→ DATASET EXCERPT
* * * *

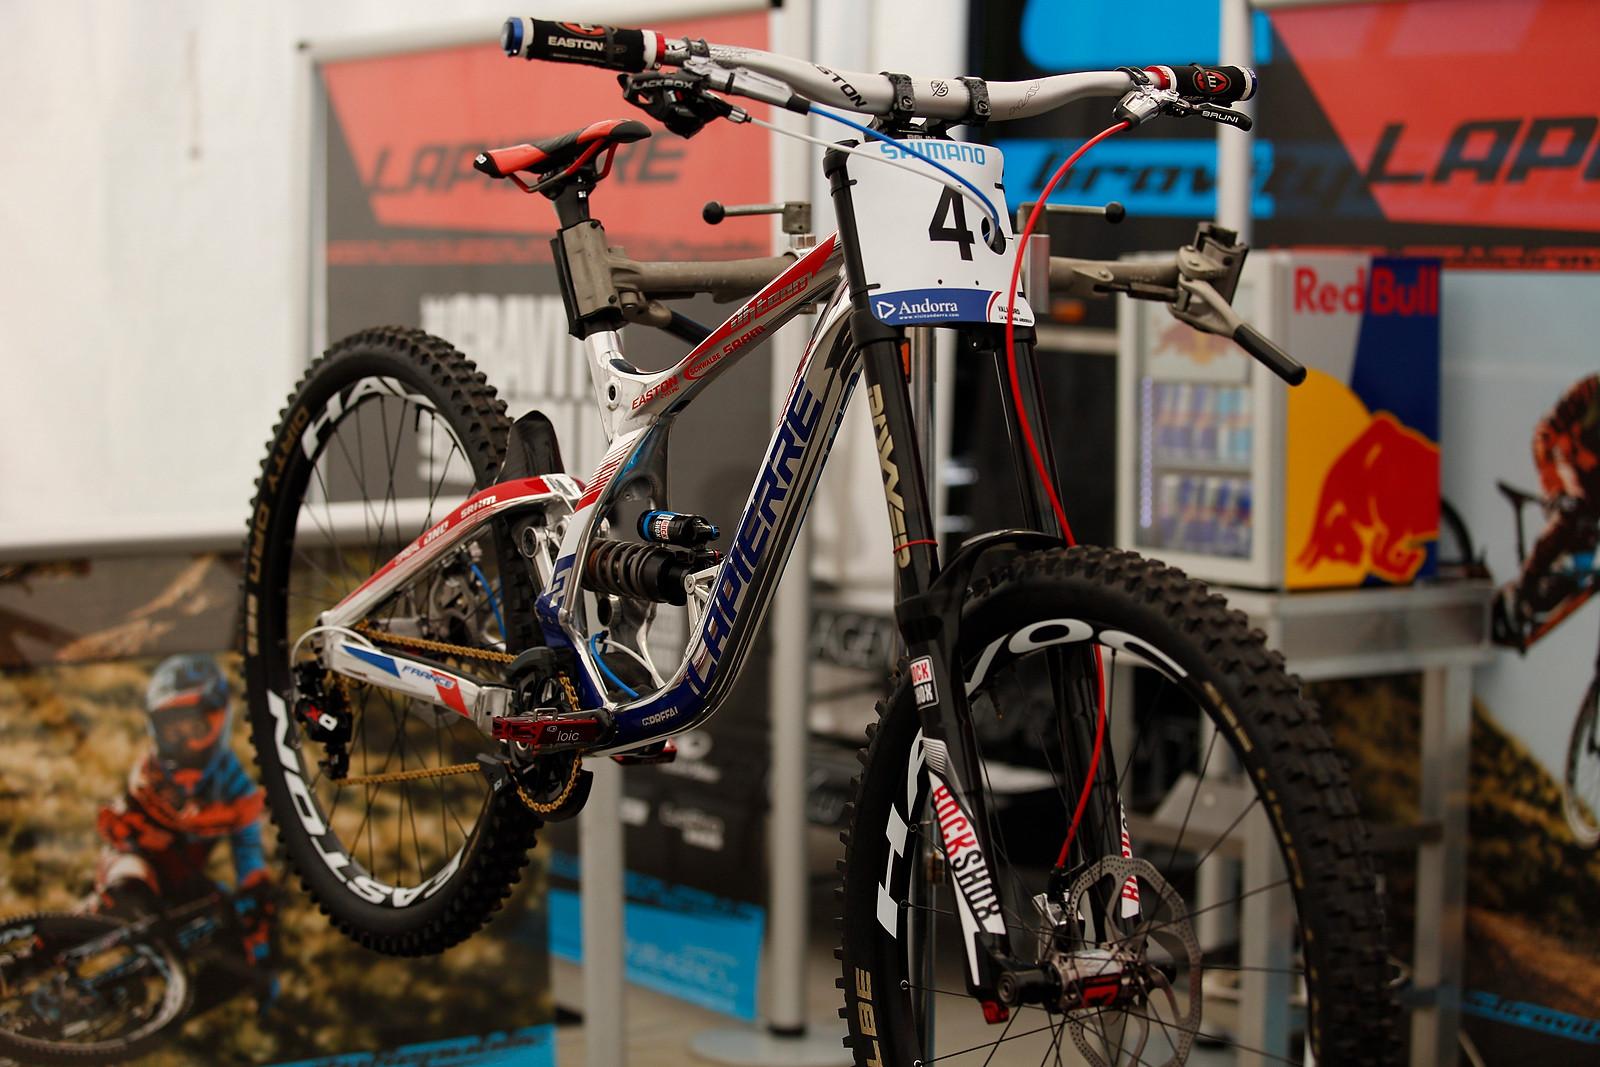 Lapierre World Champs Bikes for Loic Bruni and Loris Vergier - PIT BITS - 2015 WORLD CHAMPS - Mountain Biking Pictures - Vital MTB
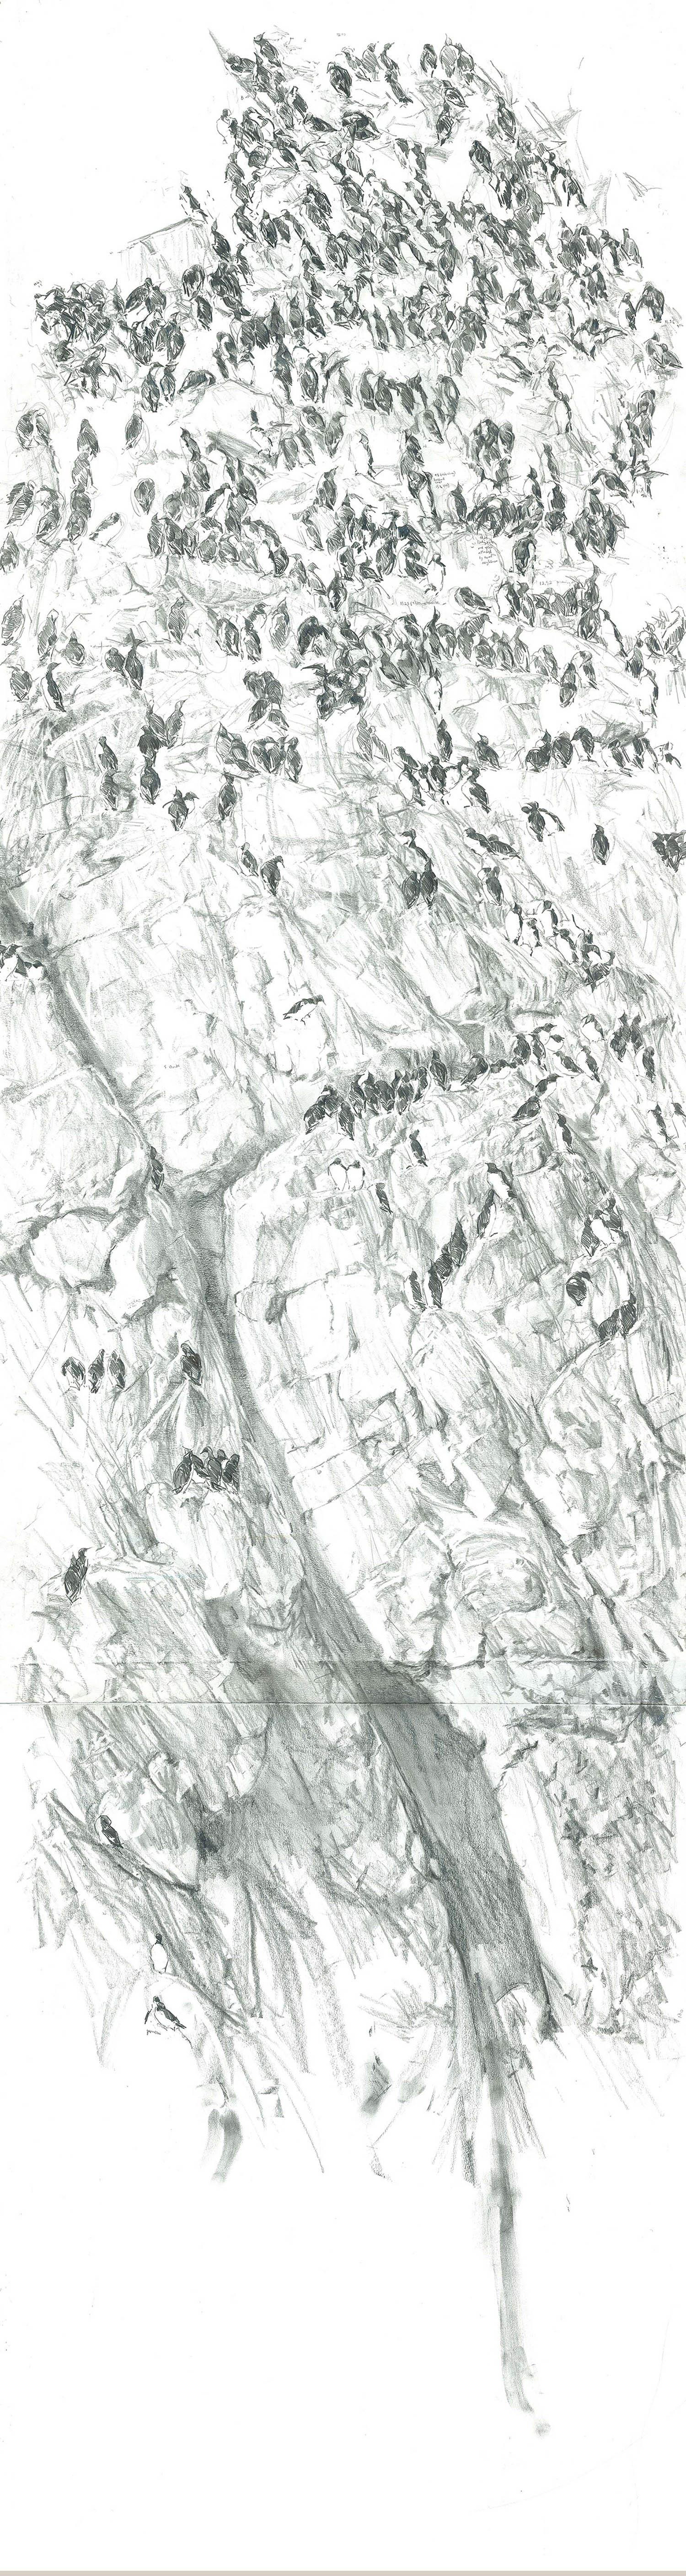 HOME_2500_bullhole_skomer_loomery_drawing_art_Installation_wildlife_guillemot_graphite_wallbank.jpg
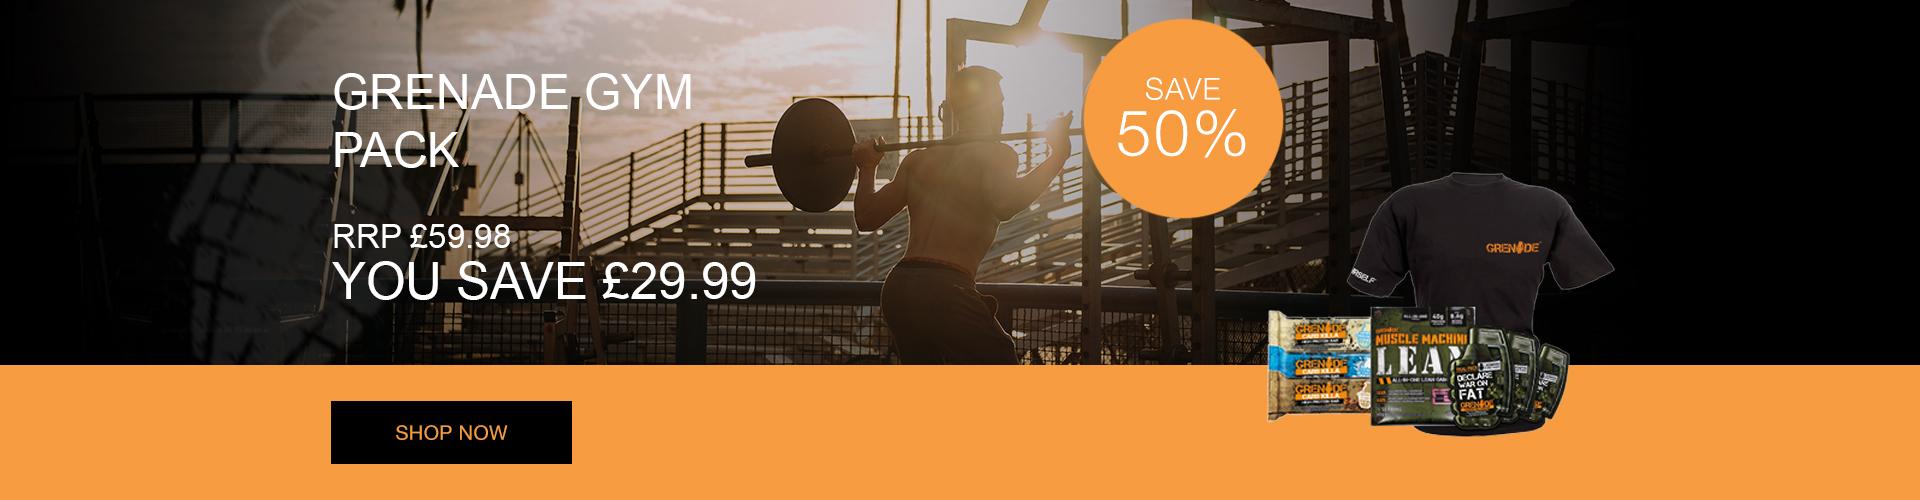 Grenade Gym pack - Save 50%

* * * *

→ ABOUT THIS TASK
Pictures do not belong in the copy. Reproduce the rest of the data exactly.

→ TASK SOLUTION
 Lapierre World Champs Bikes for Loic Bruni and Loris Vergier - PIT BITS - 2015 WORLD CHAMPS - Mountain Biking Pictures - Vital MTB
 HOME_2500_bullhole_skomer_loomery_drawing_art_Installation_wildlife_guillemot_graphite_wallbank.jpg
 Grenade Gym pack - Save 50%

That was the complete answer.